> PROBLEM STATEMENT
Please transcribe the listing that follows exactly; images are to be excluded.

> GIVEN DATA
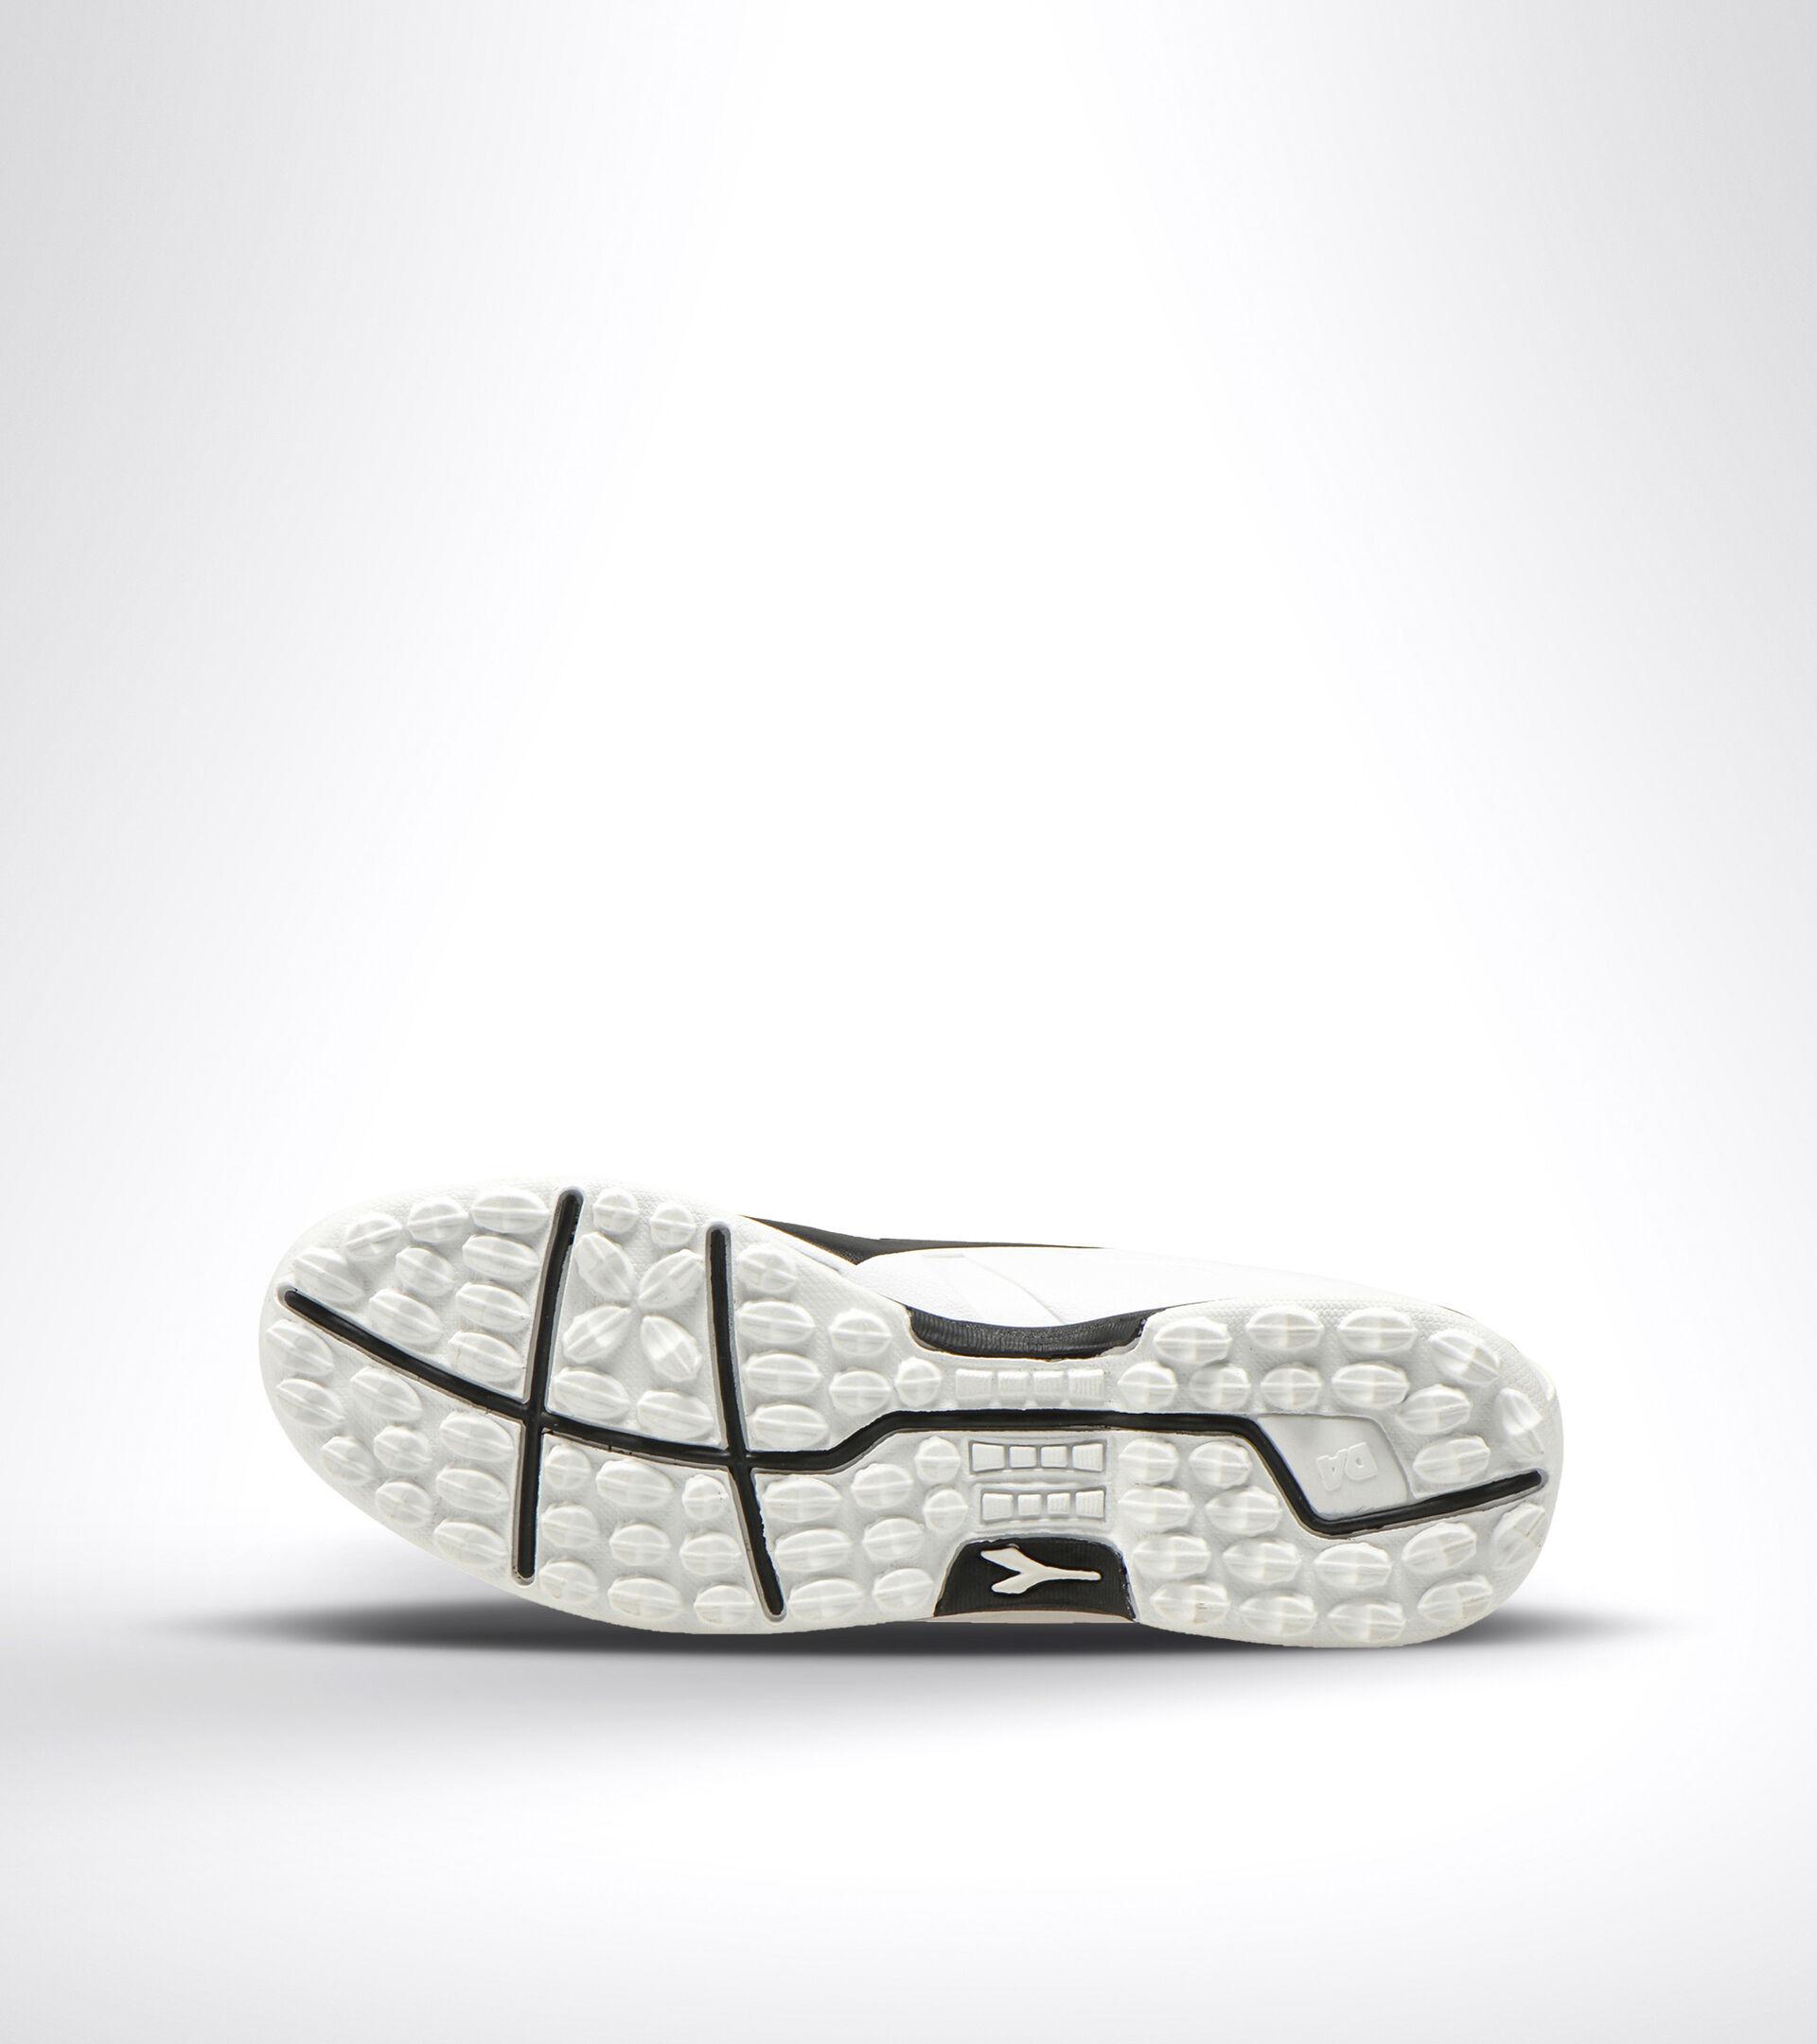 Hard ground and artificial turf football boot PICHICHI 3 TF WHITE/BLACK - Diadora
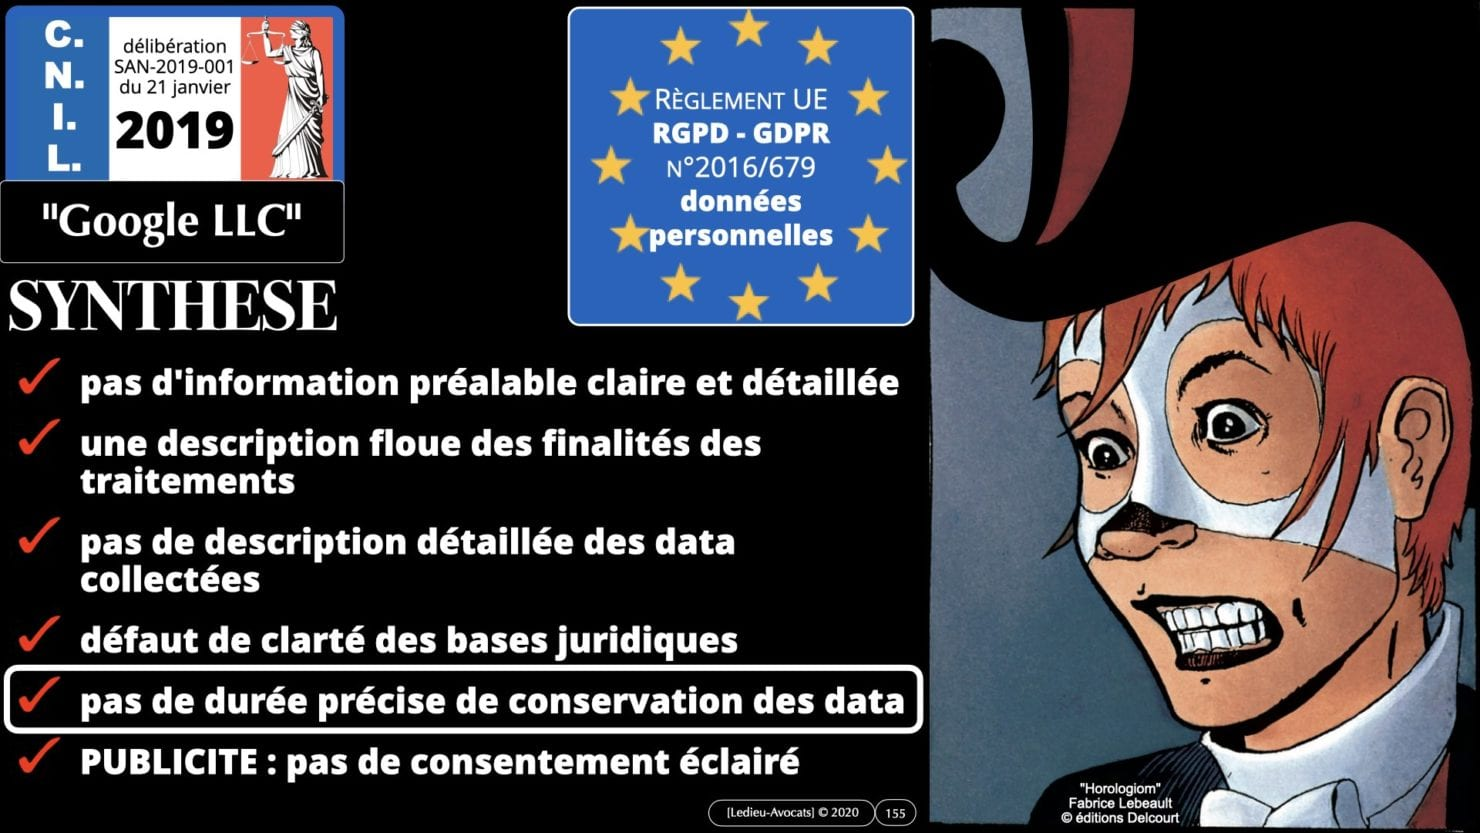 RGPD e-Privacy principes actualité jurisprudence ©Ledieu-Avocats 25-06-2021.155
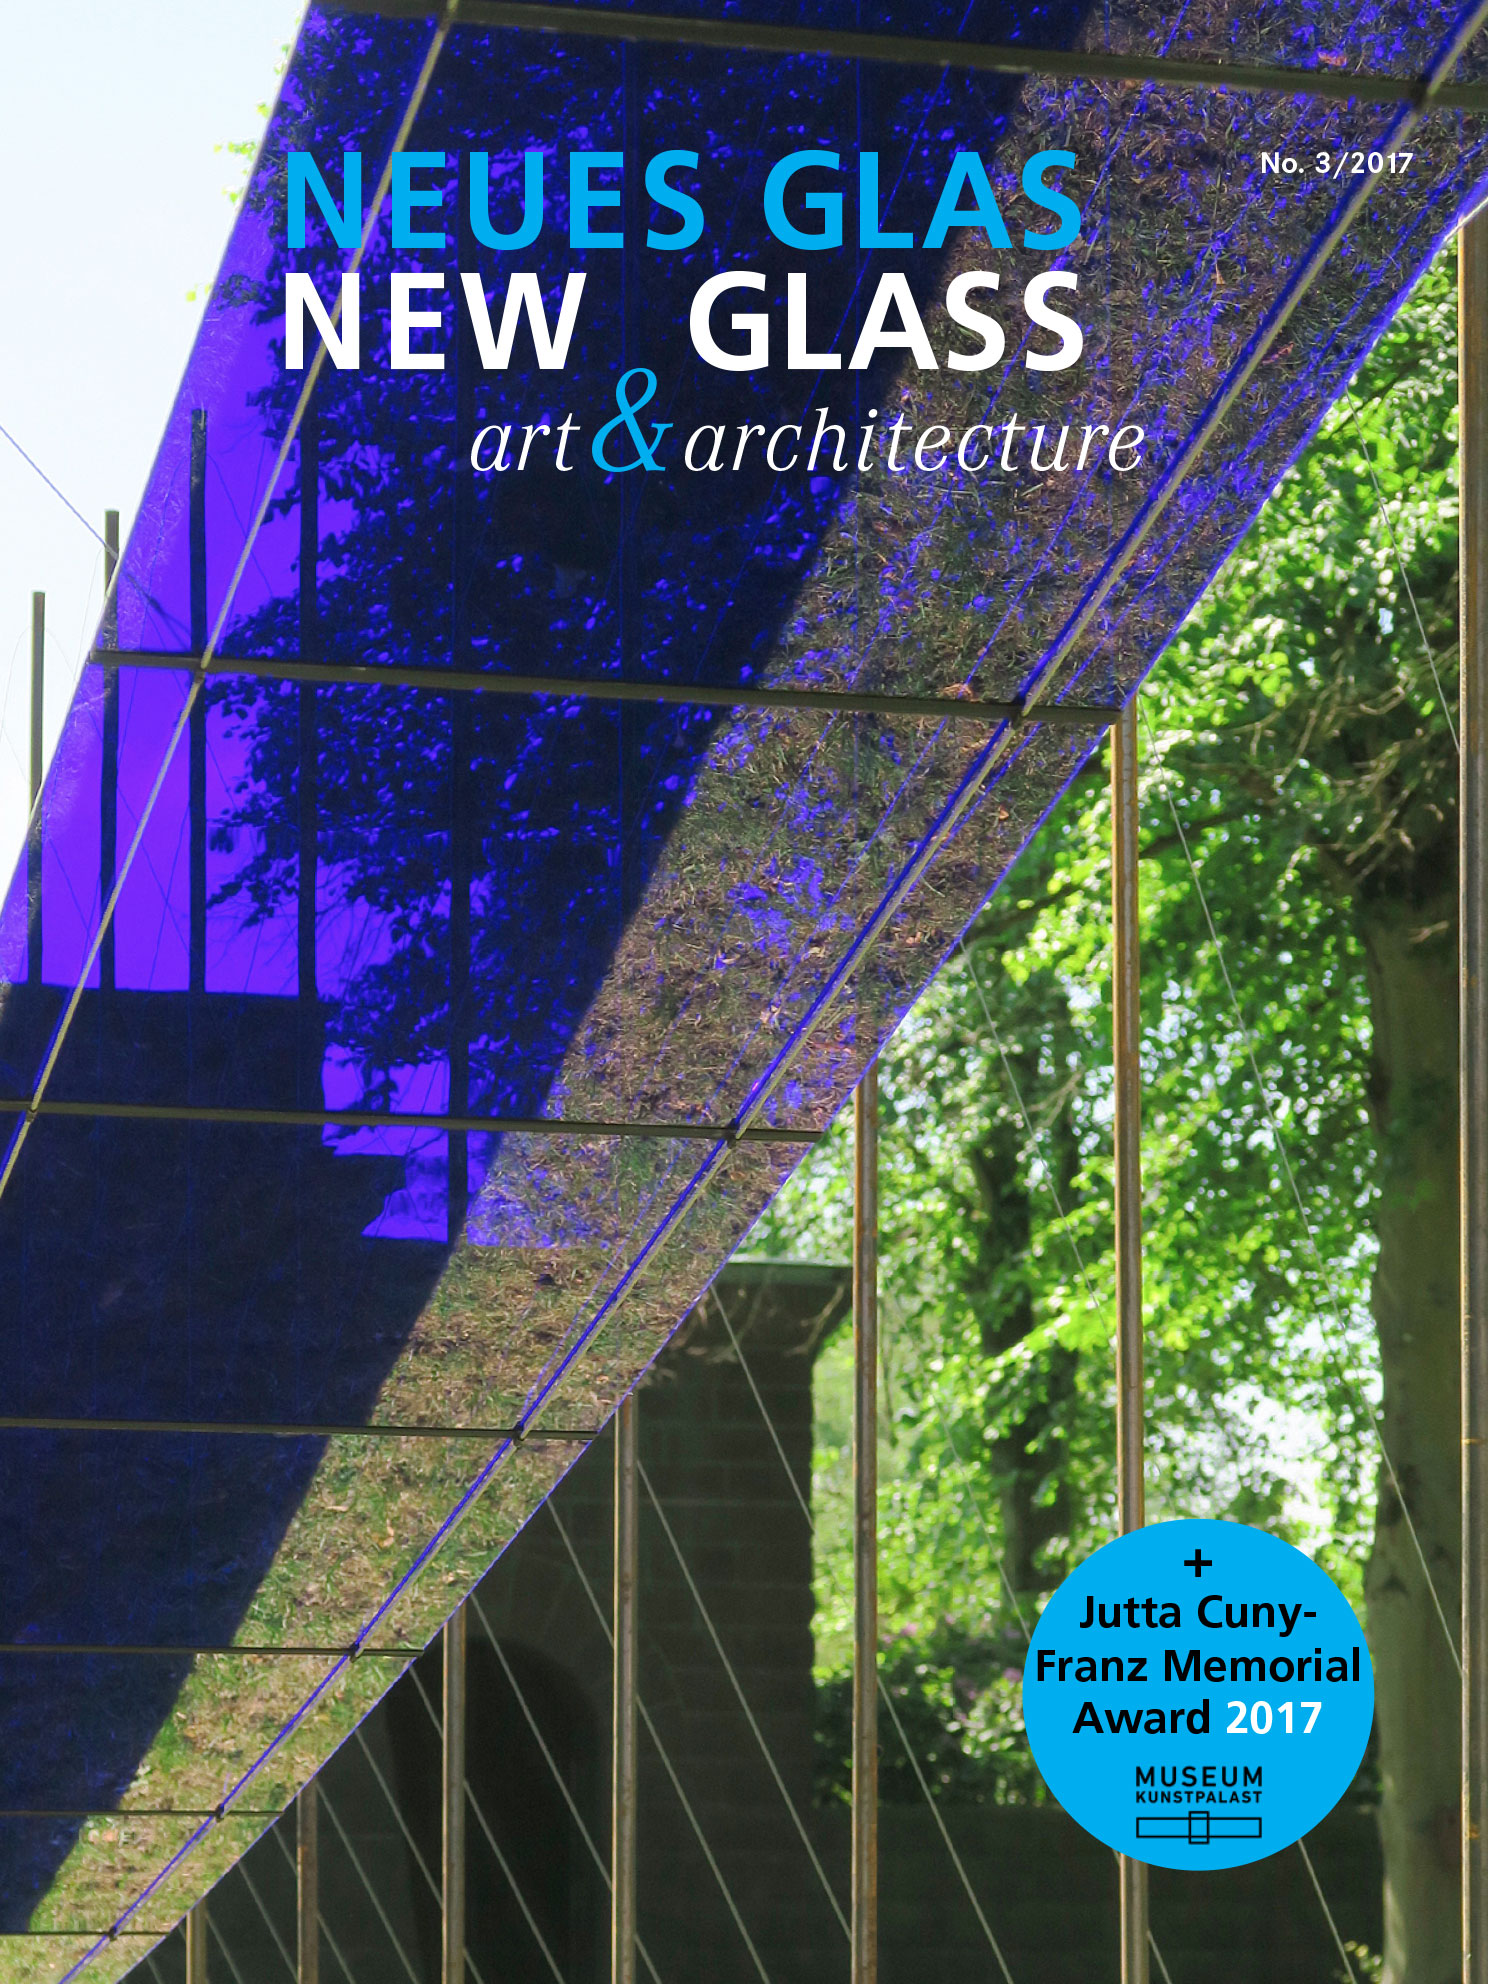 tn-Neues-Glas_03-2017

> COMPLETED EXERCISE
 Hard ground and artificial turf football boot PICHICHI 3 TF WHITE/BLACK - Diadora
 RGPD e-Privacy principes actualité jurisprudence ©Ledieu-Avocats 25-06-2021.155
 tn-Neues-Glas_03-2017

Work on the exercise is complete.